I’ve been playing a little with the pre-release of Flex 4.5 Hero and checking out what it’s mobile support is like.

I ended up mocking up a simple swiping example – swiping in both vertical and horizontal directions – and quickly found that all the info floating around on the net is not quite right for this release – seems they have changed around the classes a bit.

The one thing that I’ve noticed is swiping in Flex is somewhat more primative than in Android native – in android the swipe speed is more or less dictated by your fingers speed across the screen – you swipe slower, so does the app. You can pause half way and see half of each screen.
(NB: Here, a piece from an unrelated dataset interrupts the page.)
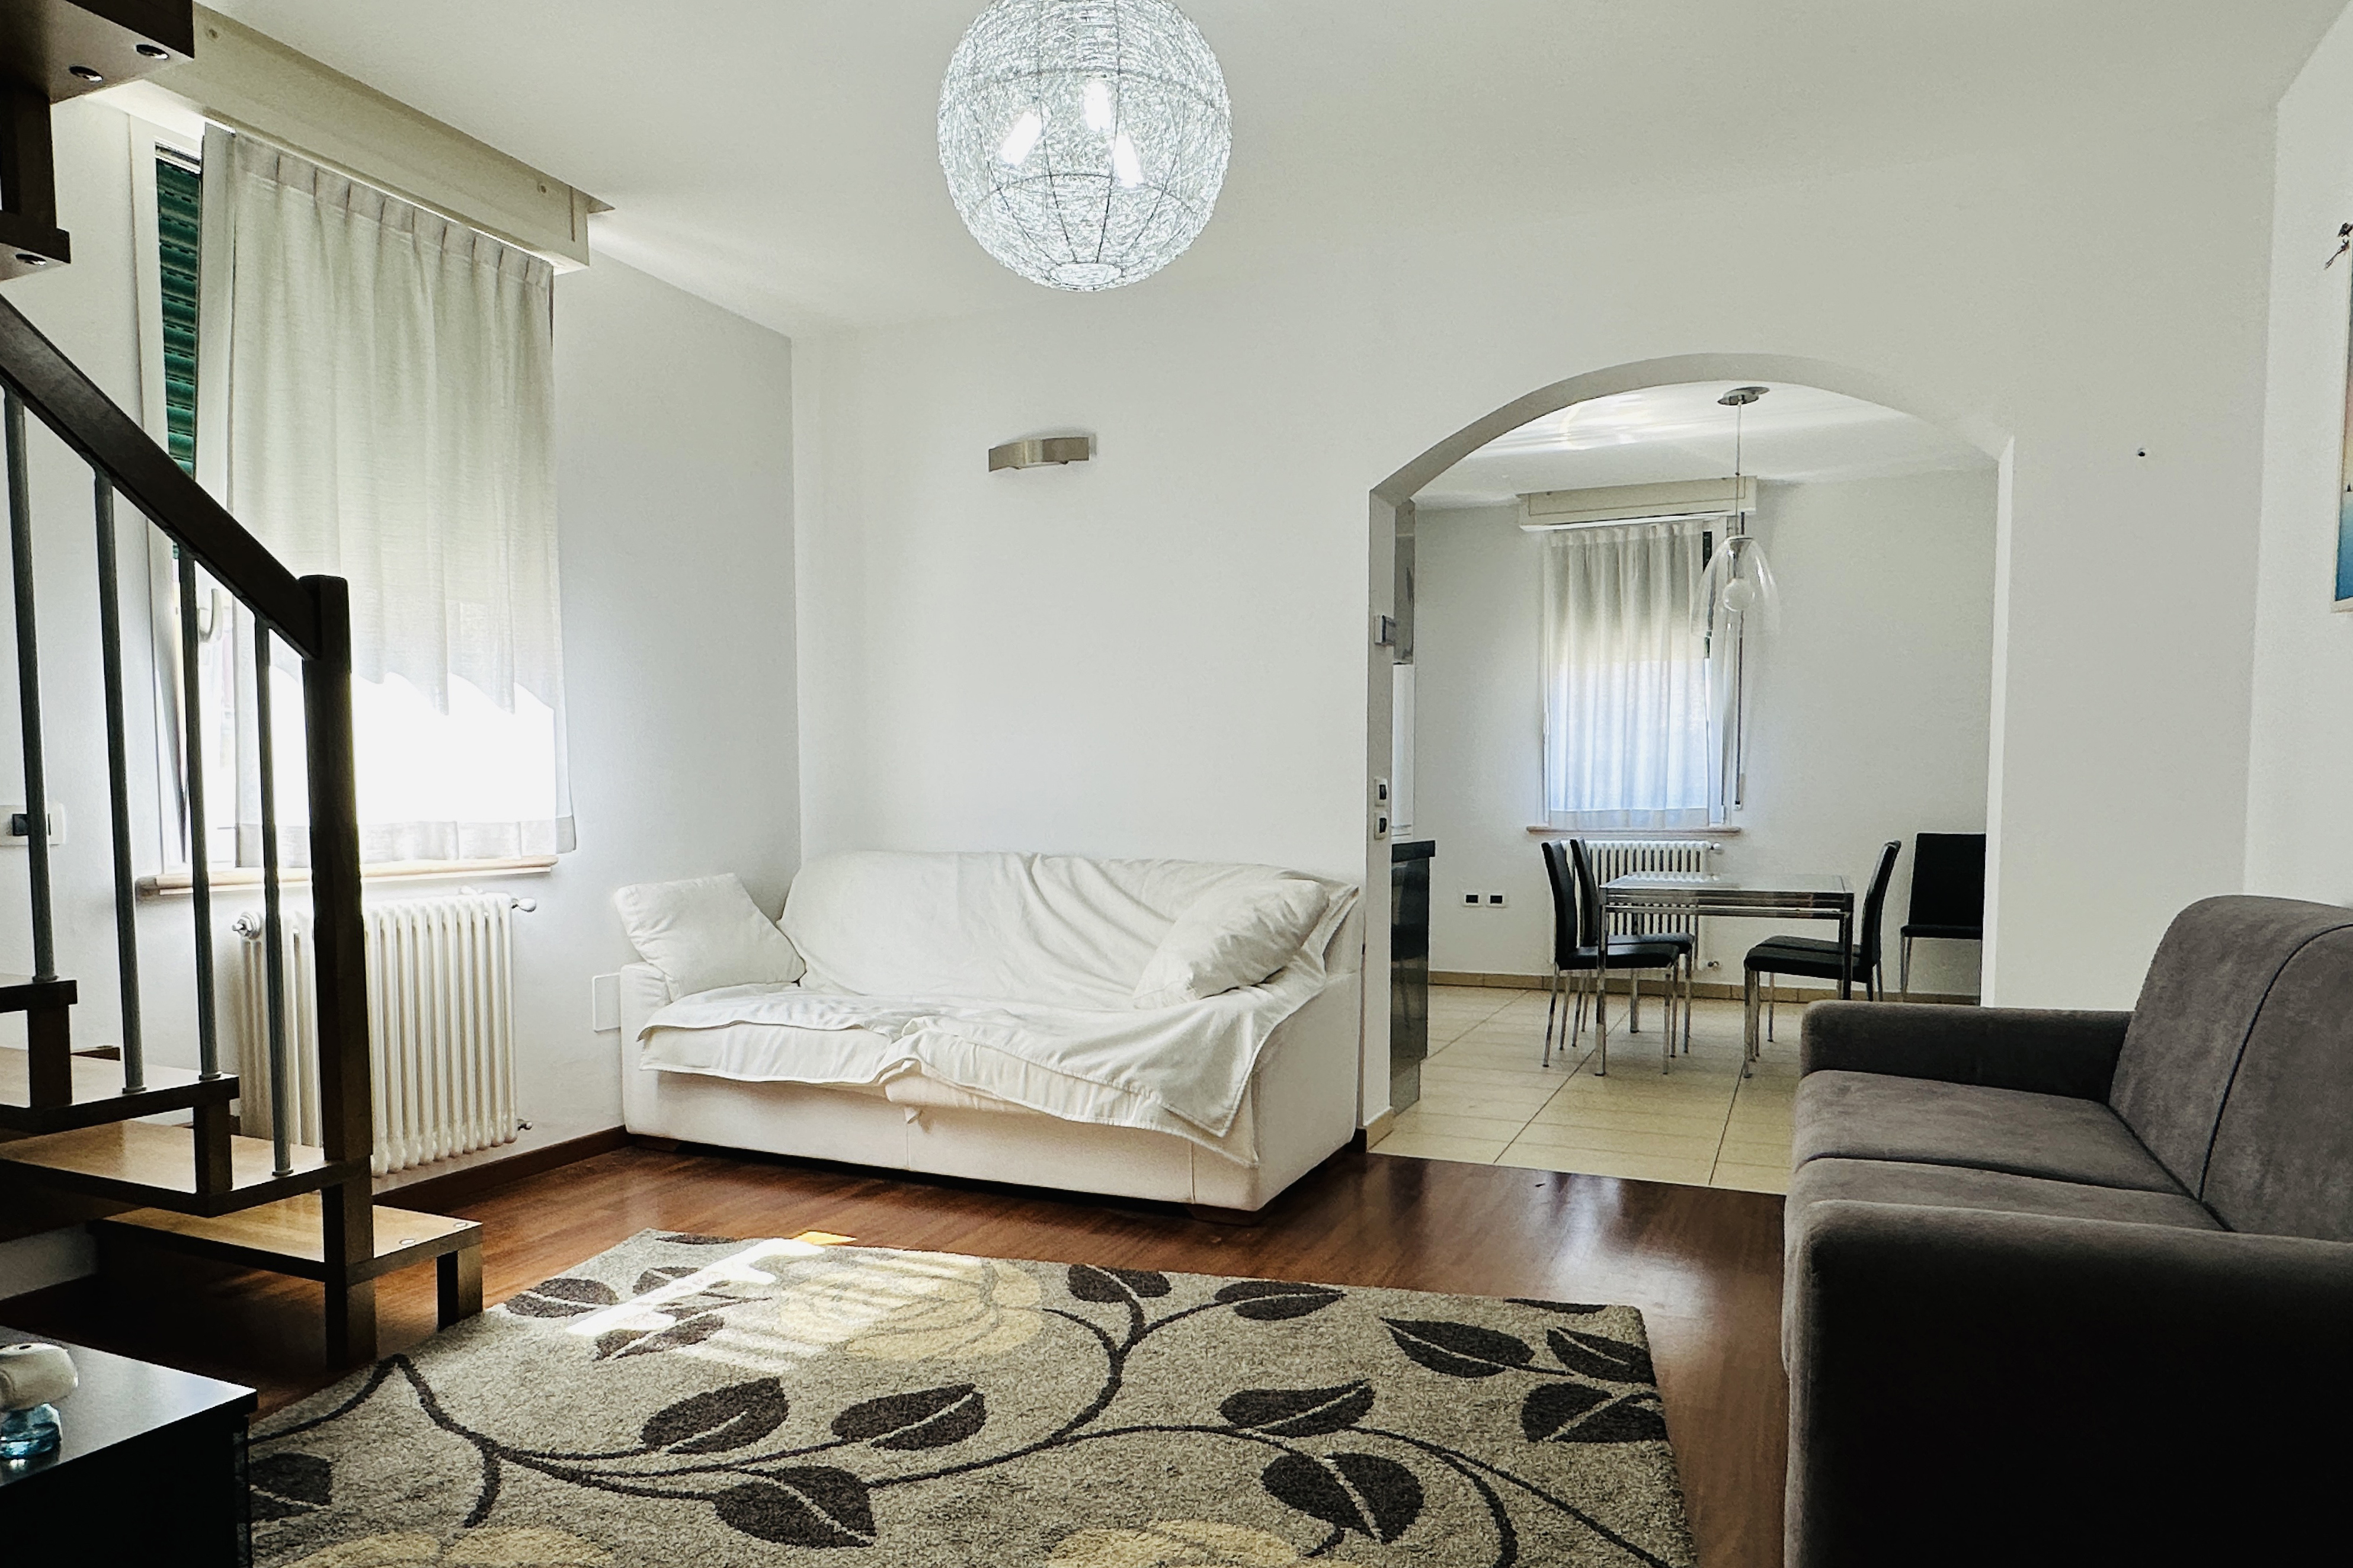 Vendita appartamento su due livelli con garage Pesaro - Zona mare (AP825)

In Flex 4.5, once it detects a swipe event, across it goes at the speed specified by the code.

I would be interested to see if the native style swipe is possible, as it is a much nicer implementation – probably causes a lot more overhead, so it may be too much of a performance hit.

These sort of little differences, in my opinion, will be what will brand Flex based apps as an inferior product, so it would be good to see some movement there. That being said, this is a pre-release so I’ll give them the benefit of the doubt.
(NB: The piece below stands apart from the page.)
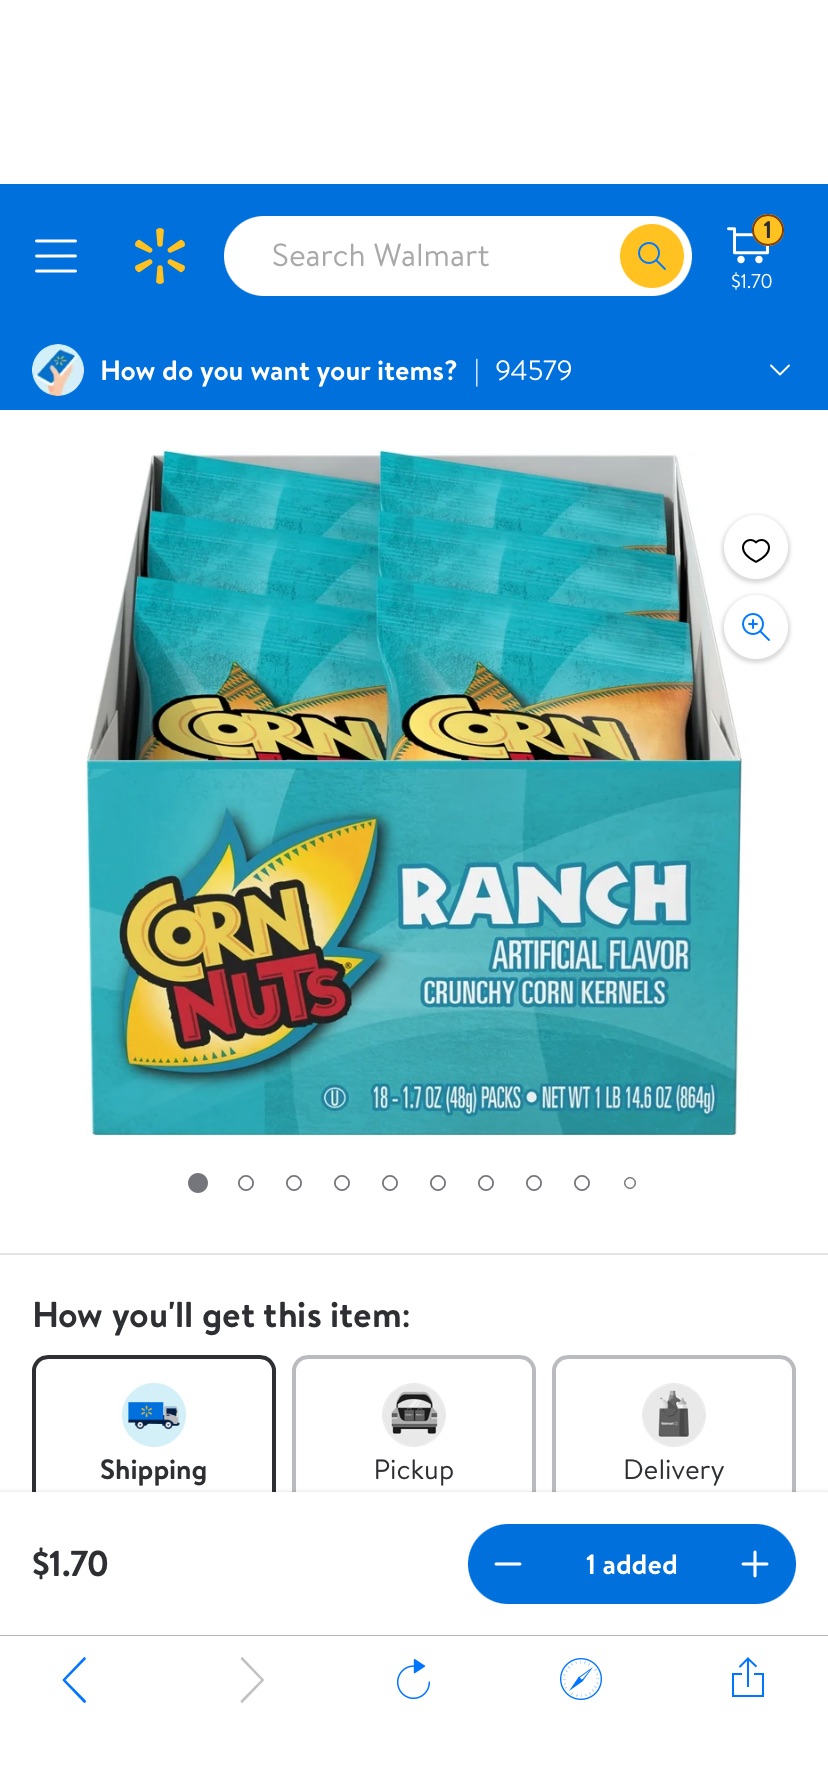 又降价了CORN NUTS Ranch Crunchy Corn Kernels Snack, 1.7 oz Plastic Pouch (Pack of 18) - Walmart.com只能邮寄

All in all it seems pretty good… close enough to native feel to justify looking into using flex on mobile further.

swipe code:-

Create a new mobile project using the prerelease of Flash Builder Burrito (you’ll need to sign up for the prerelease program for this) and using Flex 4.5 Hero runtime (should be bundled with Burrito)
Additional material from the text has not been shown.